The past few years have seen relative stability and strong growth, which has encouraged investors to take more risks. Many portfolios designed in this environment may have to be reconsidered and/or restructured, to cope with greater uncertainty.
‘You need to budget for the fact that after a 10-year period of bumper returns, things are going to get a little harder from here,’ says Russ Mould, investment director at AJ Bell. Preventative measures are typically more useful than reactive ones. For example, if an investor waits for a downturn to begin before shifting into lower-risk assets, then all they will do is crystallise (i.e. make real) the losses on their investments. The challenge for investors is therefore to time any such move to happen just before any dip – though of course such dips are notoriously hard to predict with accuracy.
Tom Stevenson, investment director at Fidelity International, says diversification is the key. ‘Because we do not have a crystal ball, we can only seek to minimise the ups and downs of our investments by putting our eggs in a variety of baskets.’ Multi-asset funds spread the risk by investing in a range of asset classes, sectors and regions. Another way to prepare for troubled times is to shift more assets into cash while the market is buoyant, so that the cash is ready to deploy in buying up more stable investments.

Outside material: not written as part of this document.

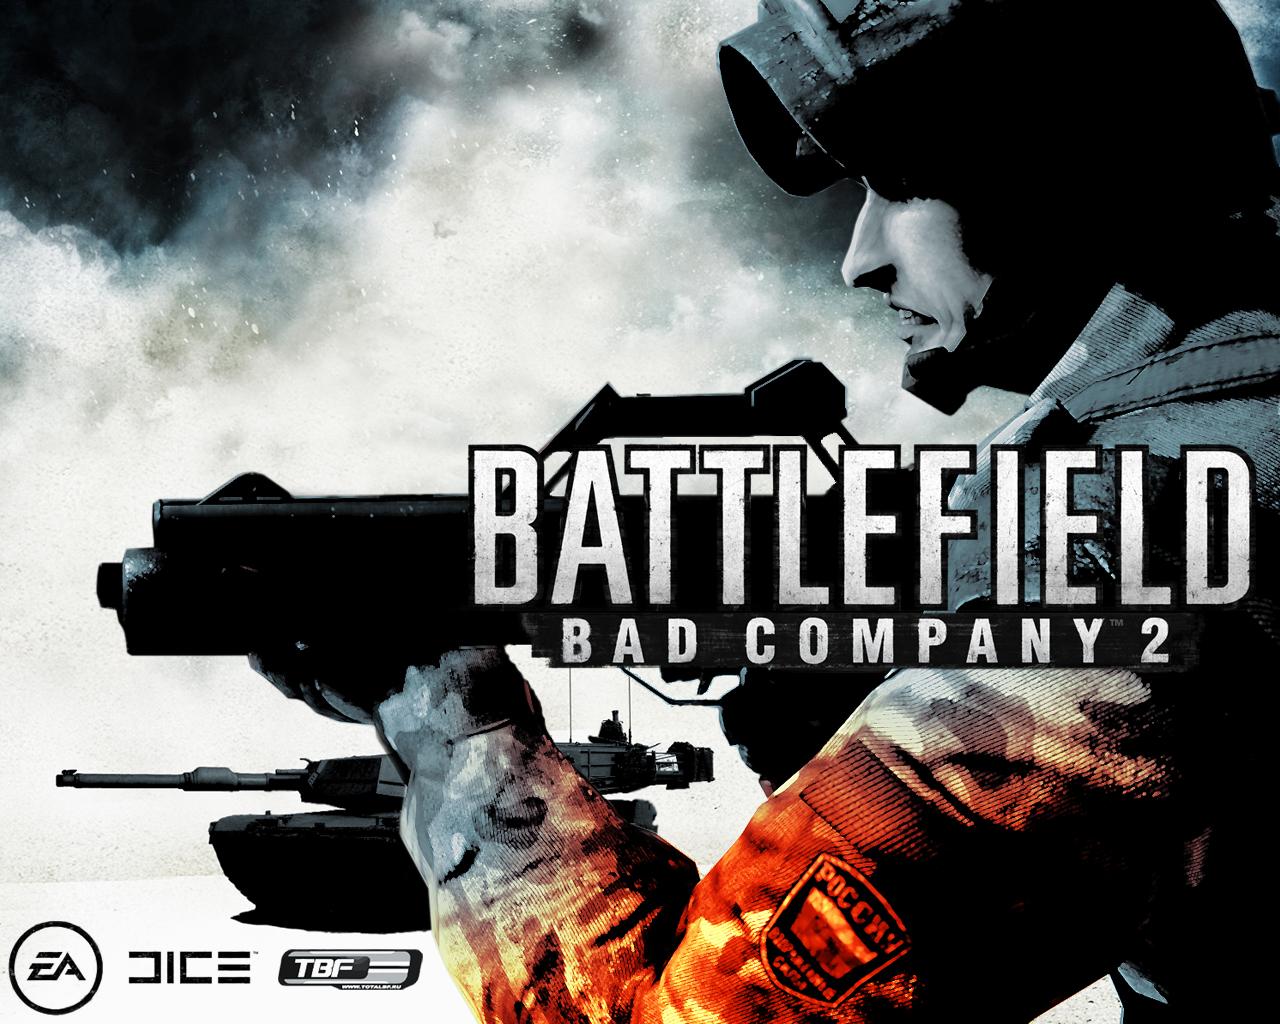 http://2.bp.blogspot.com/-KTrwrbY91ss/T-idFYxL5uI/AAAAAAAAAJA/8YBkK5Ym_28/s1600/battlefield-bad-company-2-wallpaper-6.jpg

A further option is to select defensive stocks. An investor may be able to identify which equities prove most resilient in a declining market, and cherry-pick these stocks to create a portfolio with more 'recession resistance'.
As already mentioned, gold tends to rise significantly in value during uncertain times. That said, it remains to be seen how long its current growth spurt can continue. The gold price is already not far off its record high (in 2011 it recorded a price of $1,917 an ounce – it is now $1,529).
The most important rule for investors facing a period of negative growth is not to panic. Those with long-term investments in place would usually be advised to sit tight and ride out the storm. However, individuals with imminent investment goals who hope to crystallise their gains in the near future, should consult their financial adviser about possibly rebalancing their portfolio.